22.05.2018

O AN: Good Time

Sıkışıp Kalmış Hayatlar…

Safdie Kardeşler’in (Benny Safdie, Josh Safdie) üçüncü uzun metrajı olan Good Time, her ne kadar bir soygun filmi olarak tanıtılsa da aslında tamamen farklı bir amaca sahiptir. Filmde ne klasik soygun filmlerinde olduğu gibi uzun uzun detaylandırılan bir soygun planının yapılmasına şahit oluruz ne de gerilimin, aksiyonun buram buram hissedildiği bir soygun anına. Zira Good Time’ın amacı bambaşkadır: New York’un arka sokaklarında kısılıp kalmış iki kardeşin öyküsüdür anlatılmak istenen. Bir Martin Scorsese hayranı olan Safdie Kardeşler, özellikle ustanın After Hours filmini kendilerine referans olarak alırlar Good Time’ı yaratırken. Afişinden, jeneriğine, karakter yaratımından, mizansenine kadar her konuda After Hours ile akrabalık taşır Good Time.

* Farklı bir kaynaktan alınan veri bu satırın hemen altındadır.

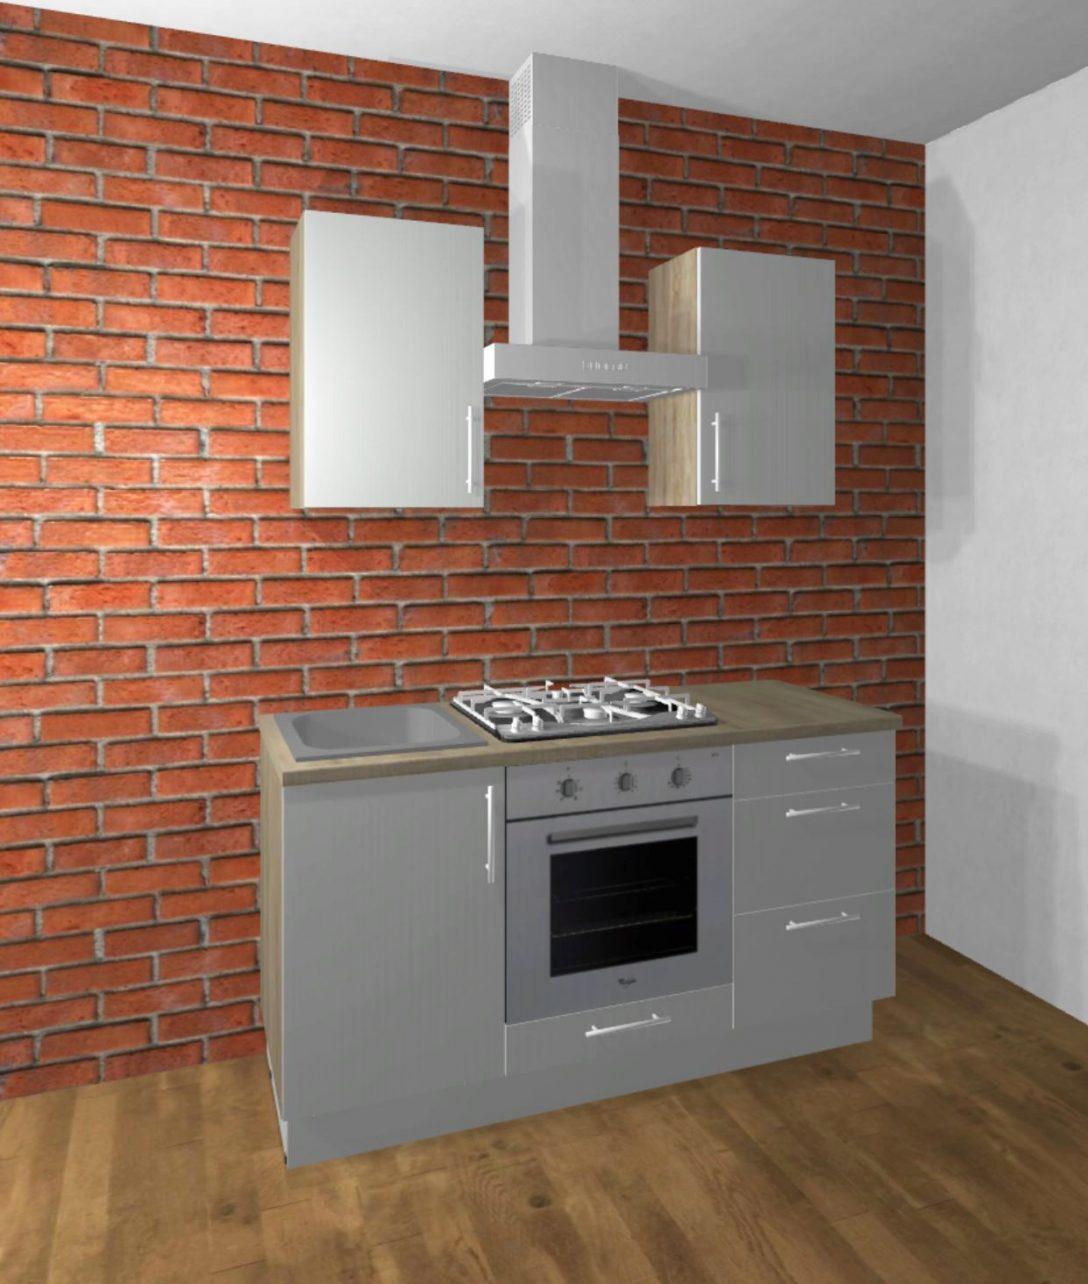 Large Size of Kleine Einbauküche Mit Herd Kleine Küche Einbauküche Kleine Einbauküche Kosten Kleine Wohnung Mit Einbauküche Küche Kleine Einbauküche

Tıpkı After Hours’daki gibi bir anti kahramanın yolculuğuna bizi film boyunca ortak eden yönetmenler, adeta bir labirenti andıran şehirde oradan oraya savrulan ama her defasında daha da dibe batan bir hikâyeye ortak eder bizleri. Bu tüm film boyunca altı çizilen Kafkavari çıkışsızlık hali tek bir sahnede özetlenir.

Filmin başından itibaren kardeşini sistemin ehlileştirici ellerinden kurtarmak, ona herkesten her şeyden uzakta huzurlu bir hayat yaşatmak için verdiği mücadelede başarısız olan Connie’nin son çırpınışlarıyla başlar sahne. Kardeşini rehabilite merkezinden kaçırdığı andan itibaren bir an bile durmayan, yılmayan Cornie’nin en umutsuz anında bile hâlâ çabalaması inanılır gibi değildir. Cornie, onu tanımaya başladığımız ilk andan itibaren New York sokaklarındaki koşuşturmasının adeta bir temsili olan binanın önünde labirenti andıran bahçede koşturur son bir umut. Bu an aslında tüm bu sebeplerden dolayı Cornie’nin tüm koşturmacasının bir özetini sunar bizlere. Aslında Cornie (Robert Pattinson), başından beri bir labirentin içinde belki biraz da deney faresi gibi koşturup durmuştur. Zira filmin yaptığı birkaç geniş açı çekimde daha net görürüz şehrin bu labirent halini. Ama sistem ne ona ne de kardeşine bir çıkış asla sunmamıştır.

Sistemin Pençeleri Arasından Kurtulamayan Hayatlar…

Bu koşturmacanın sonunda yakalanan Cornie’nin kafesli polis otosunda giderkenki hali ise çok daha anlamlıdır. Uzun bir süre doksan derece karşı açıdan Cornie’nin tam suratına bakarken kim bilir belki de yaşadığı şoku atlatmaya çalışan, bu birkaç günde yaşadıklarını aklından geçiren ya da sadece kurtaramadığı kardeşini düşünen Cornie’nin aklını okumaya çalışırız. Cornie’nin o anlarda ne düşündüğünü asla bilemesek de gittikçe yaklaşan kameradaki görüntünün Nick’in (Benny Safdie) yüzüne dönüşmesi önemlidir. Safdie Kardeşler burada muhteşem bir grafik eşlemeye şahit eder bizleri.

Demir parmaklıklar ardında izlediğimiz Cornie’nin geleceğinin hapishanede geçeceğini bas bas bağıran bu sahne, Cornie’nin yüzünden Nick’in yüzüne geçiş yaparak Nick’in de tutsak hayatı yaşayacağının da altını çiziyor. Zira rehabilitasyon merkezine alınan Nick’in de özgür koşullarda olmayacağı belli. Aynı talihsiz hayat koşullarının mağduru olan bu kardeşlerin sistemden uzak, hayal ettikleri hayata değil de yine sistemin pençeleri altındaki hayata mahkûm olmaları en gerçekçi, sert finallerden birini sunar. Zaten görüntü Nick’e geçtikten sonra rehabilitasyon merkezinde oynanılan oyun, labirent içerisindeki yaşamın devam ettirileceğinin en net örneğidir.